We left the town hugging the north bank of the river, following the voie verte back towards Sainte-Liverade.  The sun was bouncing off the still water, creating beautiful reflections of the opposite bank. We stopped off in the centre of Fongrave, where we found a small cantilevered viewpoint behind the church, looking out over the river and beyond.  We paused a while to soak up the view, feeling so pleased we’d made the effort to get out and see this stretch of the cycle-path.  We watched a van with a trailer awkwardly launch a small rib-boat into the river via a concrete slip, before continuing happily along the sunny, tree-lined banks.  We closed out our loop just before Sainte-Liverade and returned over the steep hill to Cazeneuve, contented with our morning activity.

Fongrave - viewpoint

Fongrave - riverside view

One later morning we awoke to similar bright skies, yet with a deep cold in the air.  The air temperature was stable around 3degs C, but could feel much colder when the wind blew strong, or very much hotter when the radiant sun directly reached your skin.  We headed off in the opposite direction to our previous cycle, over to the next valley hills to join the voie verte near to Villeneuve-sur-Lot, heading east.

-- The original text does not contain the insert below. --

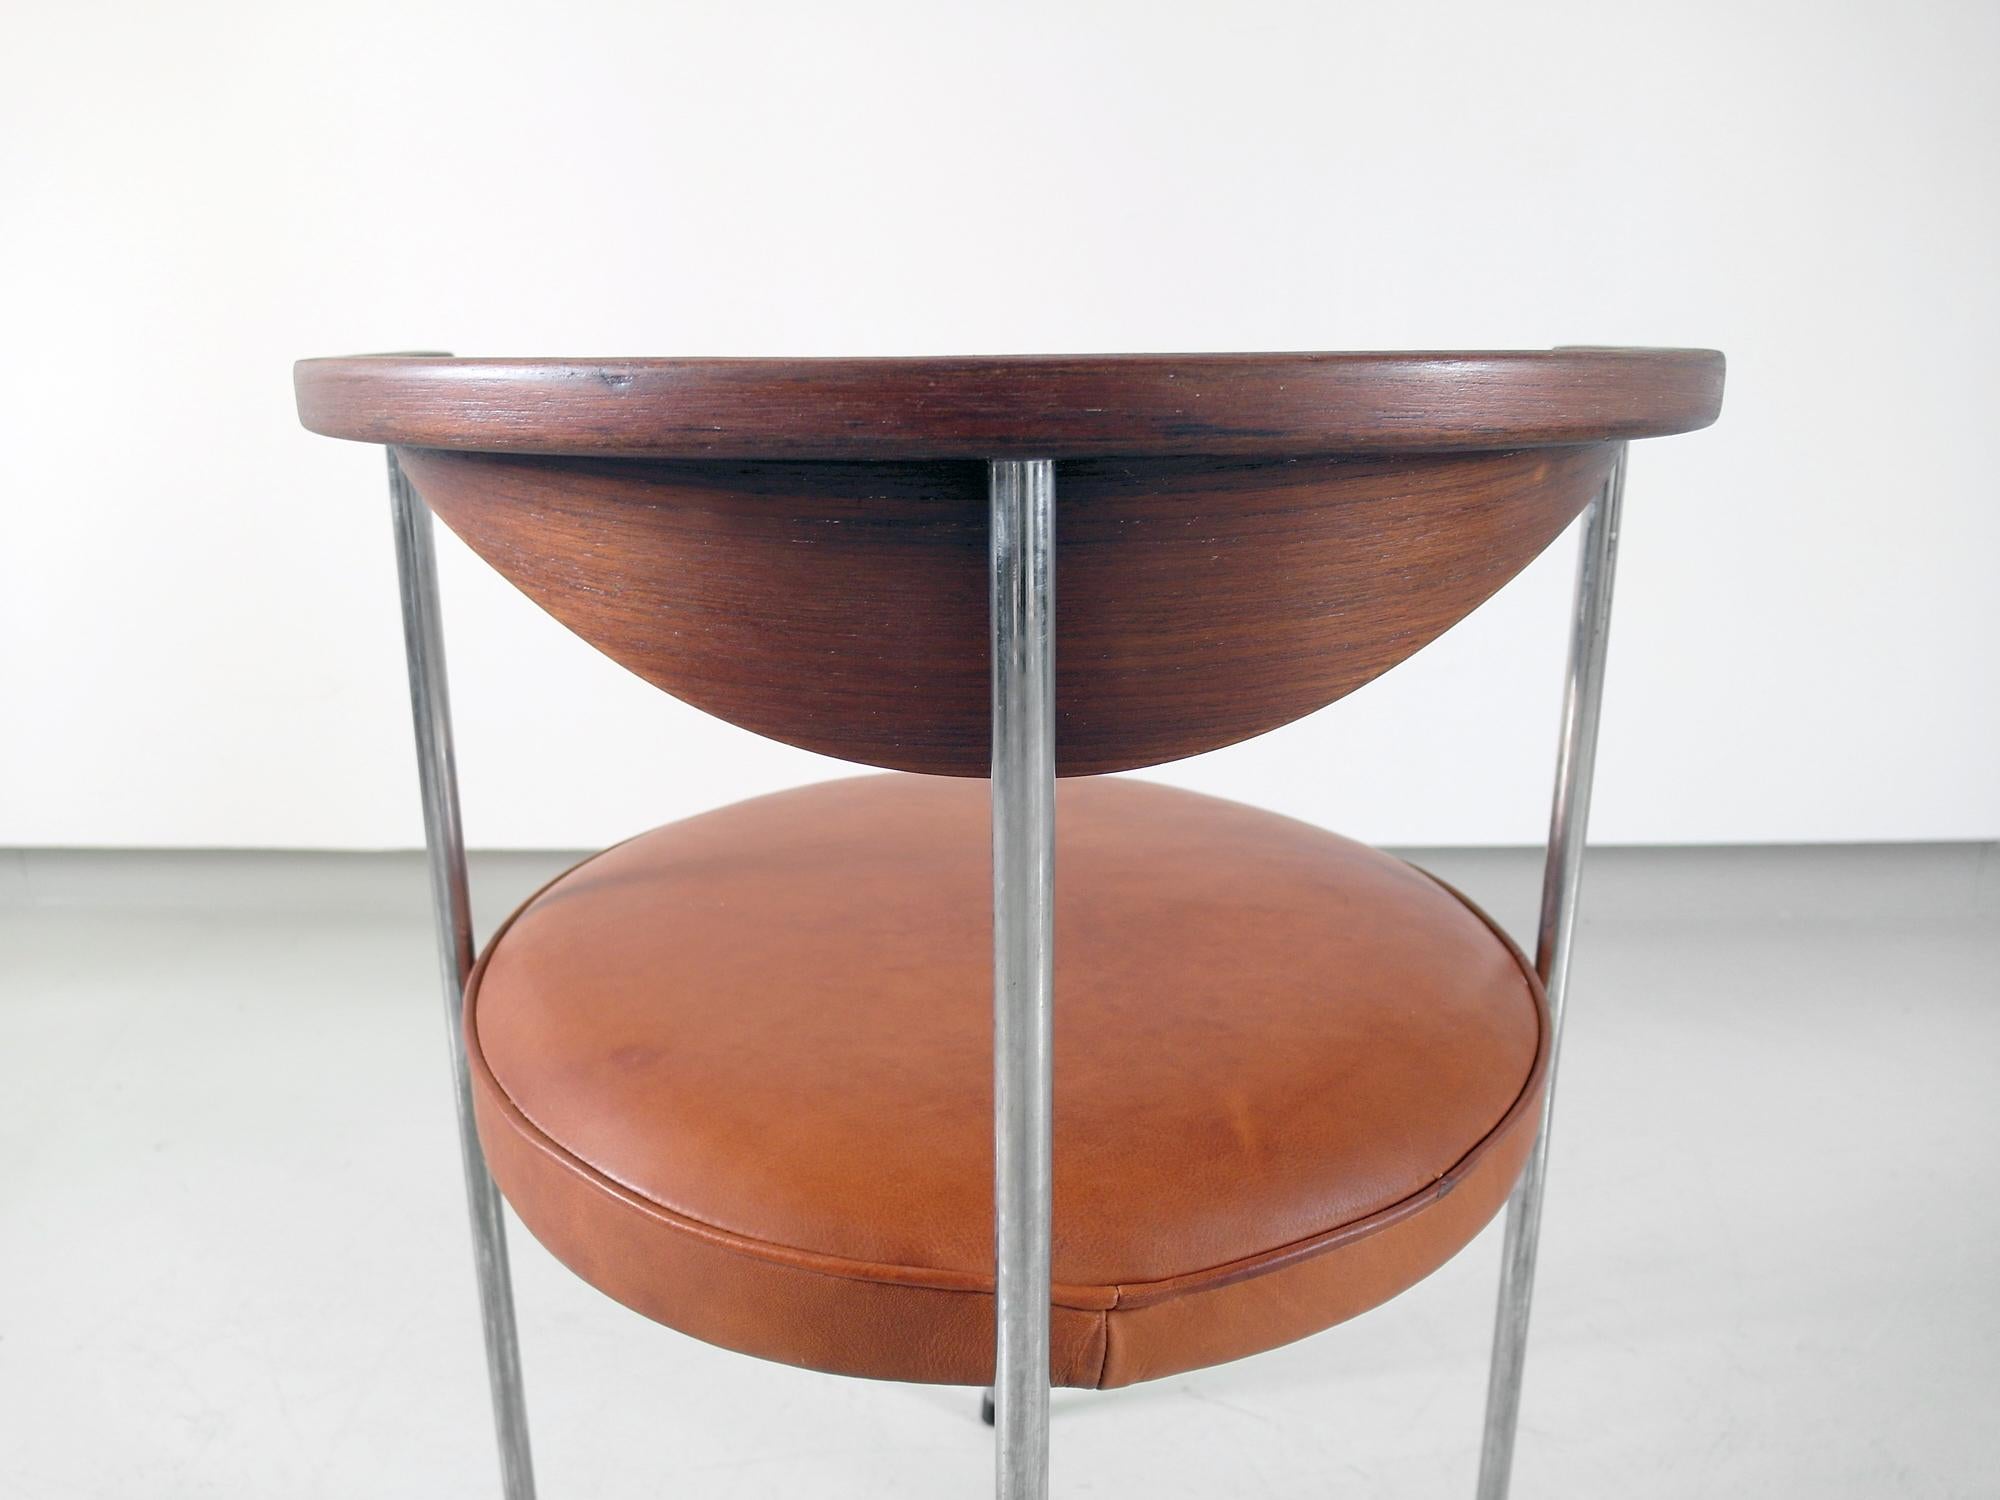 Scandinavian Desk Side Chair by Frederik Sieck for Fritz Hansen, Denmark, 1964 (Dänisch)

We lost the path on the outskirts of town, so made our own way along quiet country roads in the general direction, bending round woodland and up some steep, forested inclines to catch our first glimpse of the hilltop town of Penne d’Agenais, standing proudly on the far horizon.  The cycle and final climb was reminiscent of a long cycle back in Portugal, heading to Monsanto, where we could see our target from miles away.

Penne dAagenais - (our destination awaits)

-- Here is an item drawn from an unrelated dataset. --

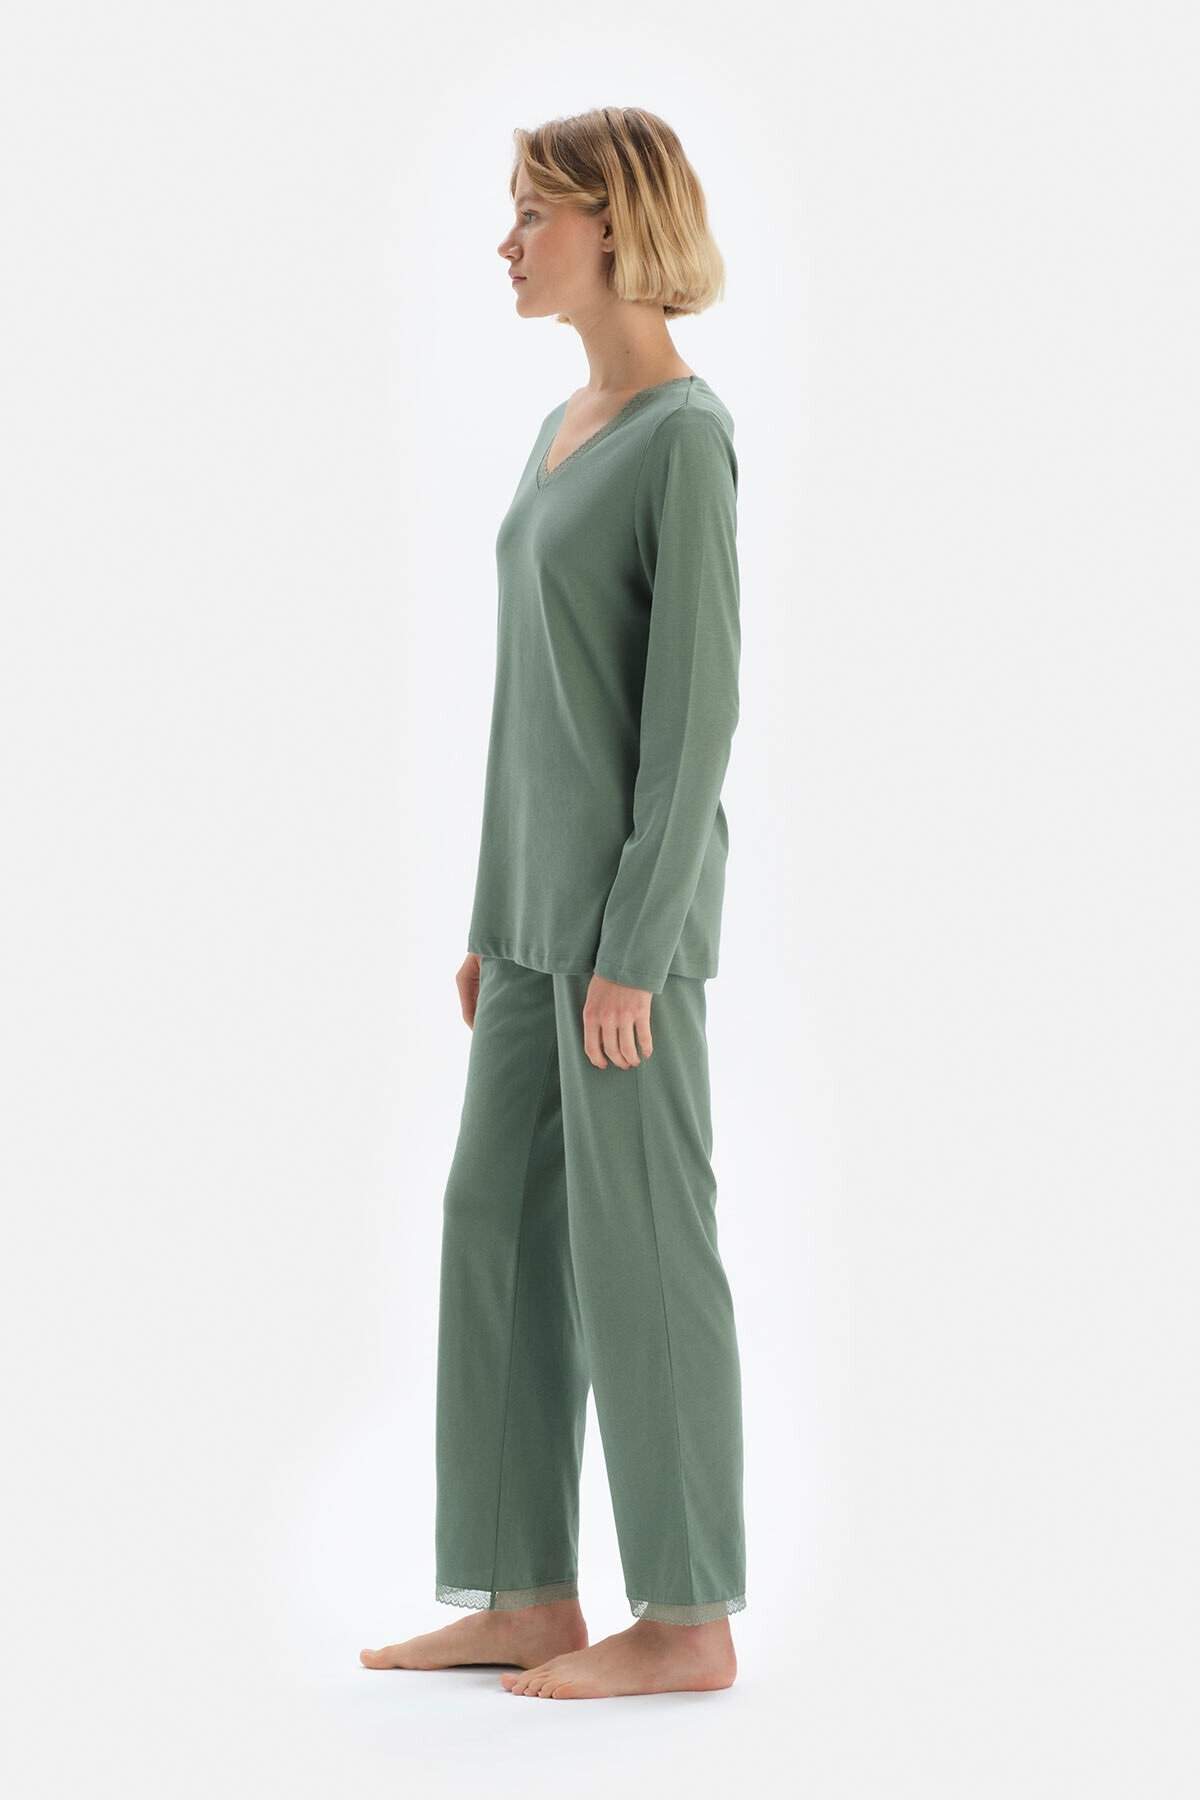 Dagi Yeşil Dantel Detaylı V Yaka Modal Kadın Pijama Takımı

We made our way onwards and upwards, ever upwards, snaking around the sides of the hill as we climbed to the town. We slowly closed the distance to nudge ourselves to the very top, with the expectation of the upcoming view acting as a welcome reward.  Penne d’Agenais, a fortified medieval village set high on a steep hill with outstanding panoramic views, was topped off in grand style by the metal-domed Notre-Dame de Peyraguade.  This was a huge basilica that had been positioned on the site of a 13th century castle built by Richard the Lionheart, itself on the site of an original 11th century chapel.  The sanctuary forms, as many similar places do, another key stopping point on the pilgrimage route of Santiago de Compostela.  The myriad routes leading to northern Spain dominate the European landscape and the historic built environment, shaping so much of what we have seen on our travels.

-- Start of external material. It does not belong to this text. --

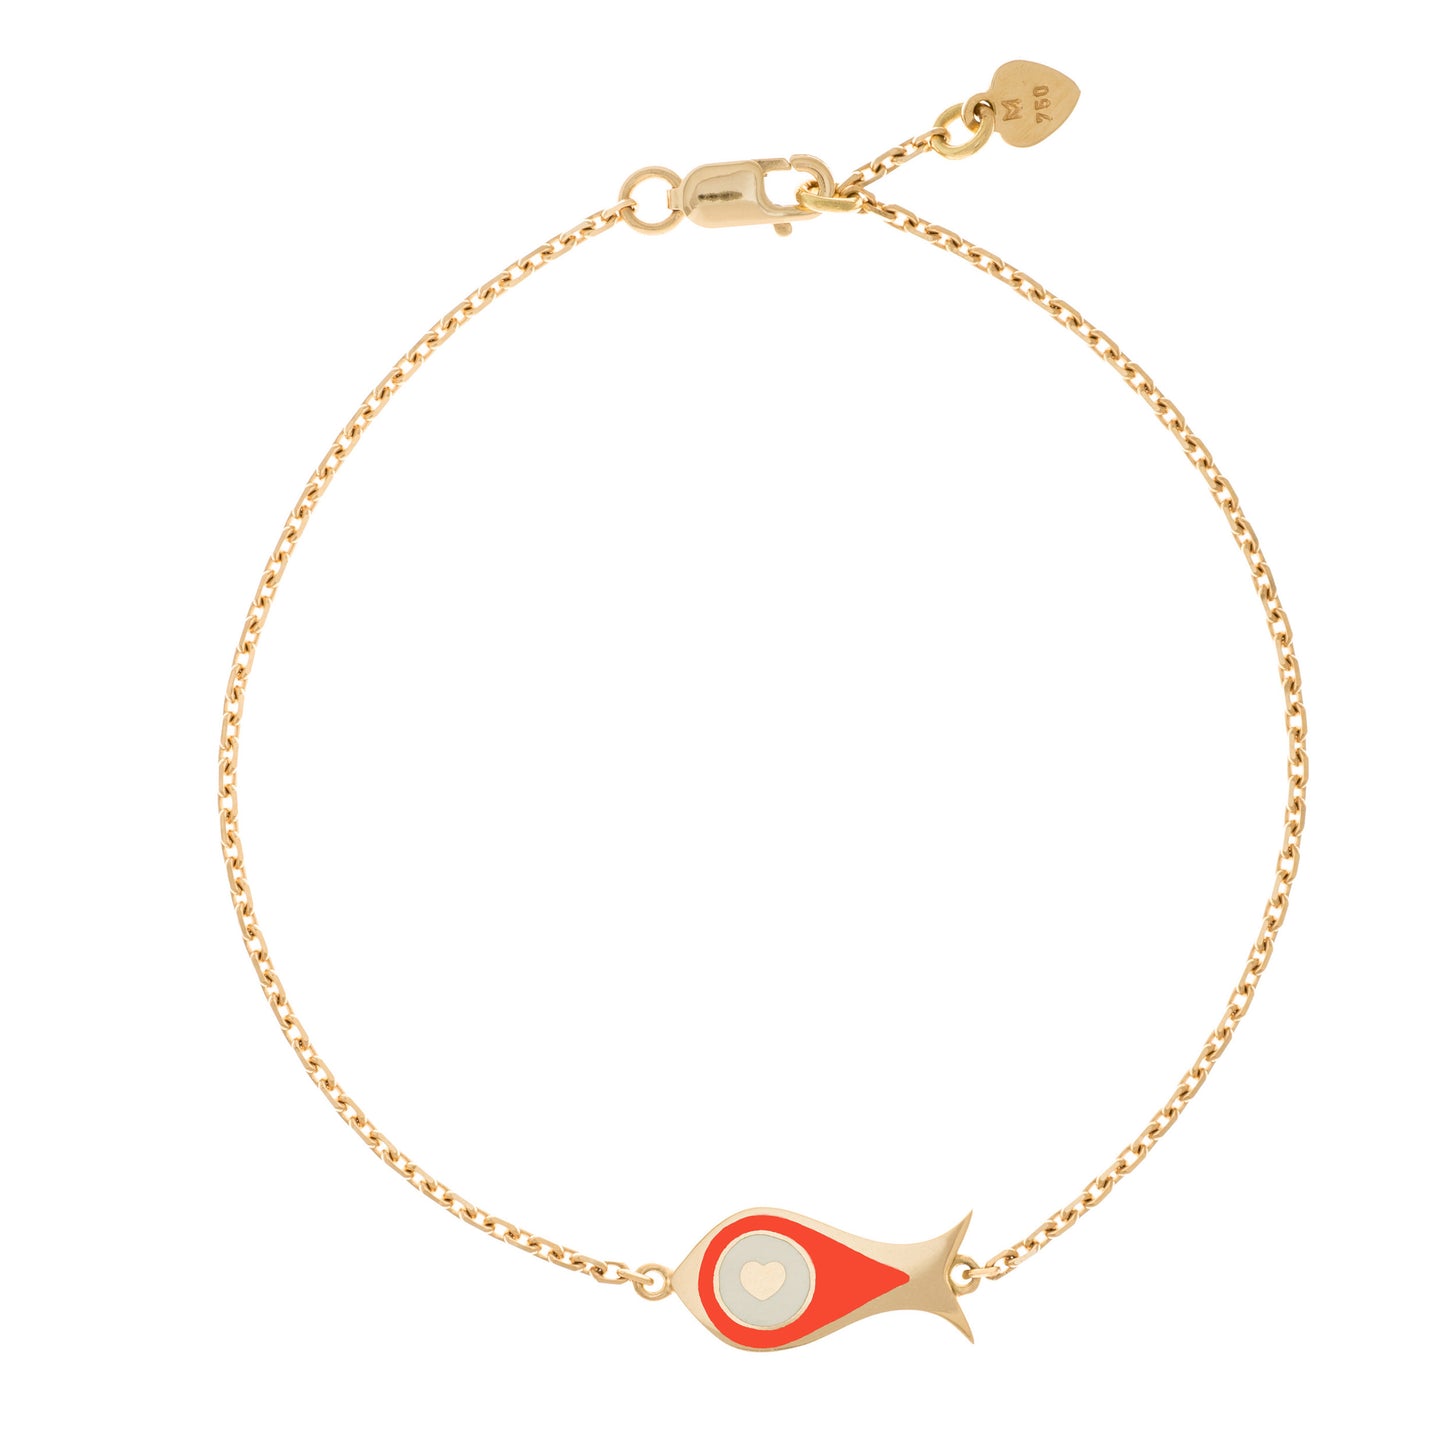 MORA bijoux, bracelet Poisson-coeur lchthys émaillé orange d'un diamètre de 15mm en or jaune 18 carats. Longueur de la chaîne 16cm avec un petit coeur en or jaune 18 carats soudé sur le fermoir.

Penne dAagenais - (nearing the top)

Penne dAagenais - (town square)

After a brief look around the town, we scrambled up the cobblestones to the plaza around the front of the sanctuary building.  It was worth the sweat.  The expansive view over the shining, silver domes of the basilica and the nearby river was exceptional, and made all the better by us being the only people who had chosen to visit the village, and the sanctuary, this glorious day.  We soaked up the view as we wandered around the grounds, before heading off to fully enjoy a super-fast descent down to the nearby town of Saint-Sylvestre-Sur-Lot where we stopped on a park bench to top up on snacks as we watched over the glistening river and the shining dome of the recently left basilica. Then it was back onto the voie verte, north of the river and eventually into Villeneuve, before heading home again.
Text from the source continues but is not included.